Here are 8 of the most common emotions that lead to negative online reviews and personal defamation:
1. Sadism
Some people enjoy hurting others. The feel so small and weak that lashing out at someone else gives them a sense of God-like power and satisfaction. They don’t have the skills to try and make anything for themselves, so the excitement from “tearing someone down” is about as much as they have to live for.
How to handle / prevent it: If someone is gets great pleasure out of writing negative opinions, most rational approaches won’t work. Some people have declared war and attacked them back until they relented, but be careful!
2. Revenge
Some people believe that two wrongs make a right. They believe that they have suffered some kind of injustice, and that the appropriate thing is strike back at you.
How to handle / prevent it: Don’t do things to make people mad at you — even at great cost.
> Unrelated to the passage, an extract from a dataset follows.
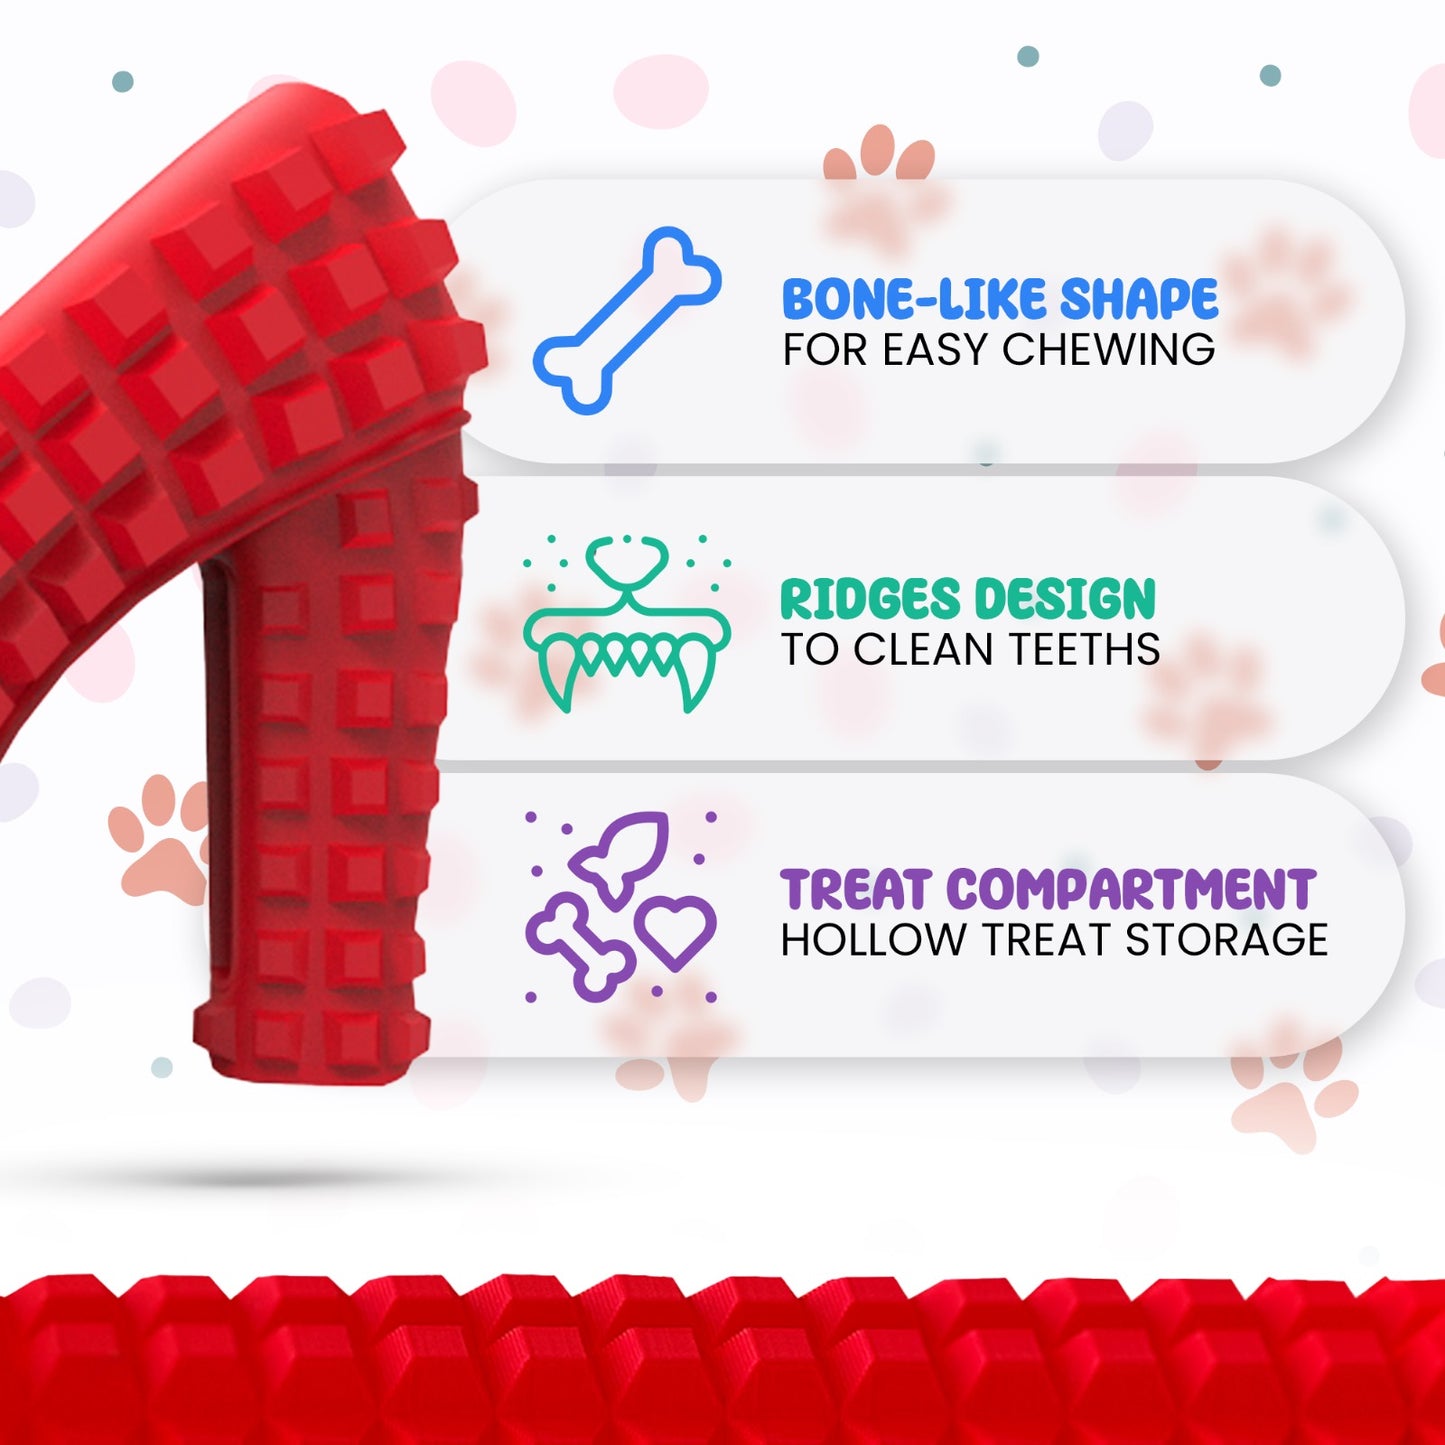 SUPER SHOE - Toothbrush for Small and Medium Dogs - Rubber Natural

Balance every business, marketing and custom service decision you make with “Is this going to get people mad at us?” and “What will be the potential cost of getting these people mad at us and having them publish their experience online?” Make your decisions generously and accordingly.
3. Sabotage

Some people will attack you to make themselves (or their own product) look better. Lies are the weapons of the weak, and some people will lie to help make themselves look better.
How to handle / prevent it: An ounce of prevention is worth a pound of cure. If you are in a cut-throat field or competitive business, you especially need to invest in online reputation building before any problems arise.
4. Extortion
Some sites like RipOffReport.com have a crooked business model of encouraging people to complain or defame businesses, and then they collect “retainers” or payments to make the information less visible or to give the owners more control. Other people will threaten negative reviews to try and milk you for free stuff.
How to handle / prevent it: There’s no easy or inexpensive way to handle extortion. You’re faced with two difficult choices… 1.) Pay the company to make the information go away, 2.) Try to engage in reputation repair. Next time you start a brand or business venture, plan ahead and build a strong reputation that is more impervious to external attacks.
5. Altruism / Compassion for Fellow Customers
Some people aren’t mean-spirited, but they have this honest, conscientious desire to prevent people from ever going through the same kind of discomfort they had.
How to handle / prevent it: Monitor your reputation online, and immediately respond to any complaints. Directly contact the people who complain and offer them incentives to take it off. If you can respond directly to the review or comment, make it seem like their dissatisfaction is a radical exception or freak occurrence.
6. Chiming In

Some people aren’t initially motivated to write anything bad, but when they encounter a negative blog or review, they feel compelled to leave their own experience. This causes the content on the page to expand, and having more words and phrases on it will cause it to rank for more search terms. Then more people see it and link to it, and the stronger and more permanent it becomes.
How to handle / prevent it: Build your reputation before problems arise. Then monitor your reputation and handle negative comments properly and promptly.
7. Confusion
Some people bought your product or service, don’t understand how to use it, and therefore they proclaim it “sucks.”
How to handle / prevent it: Invest in ultra-user-friendly FAQs, technical support documentation and videos. Be honest-to-a-fault when selling your product, and explicitly state what it can do and what it cannot. Prominently display a number that people can call if they need help or have questions. Join a external customer-service site like GetSatisfaction.com and promptly address & clarify misconceptions.
8. Frustration & Desperation

If you have a customer service system but it is slow, poorly trained or inefficient… people will get intensely frustrated. And they may express their frustration online. Andy Beal says it best:
“The biggest mistake is simply not having official channels in place to allow your customers to complain. Most disgruntled customers post to blogs and Twitter because they feel like they are not being heard by your company. They get frustrated with your lack of customer service and they think to themselves, “I’ll show them, I’ll post a negative review on Yelp/Twitter/Blog.”
How to handle / prevent it: Invest in prominent, unmistakable “official channels” for people to communicate with your company. Make sure all responses are promptly responded to and customer satisfaction is a core value of your company. Having a “broken” complaint box or hotline that isn’t answered is far worse than having no official channels at all.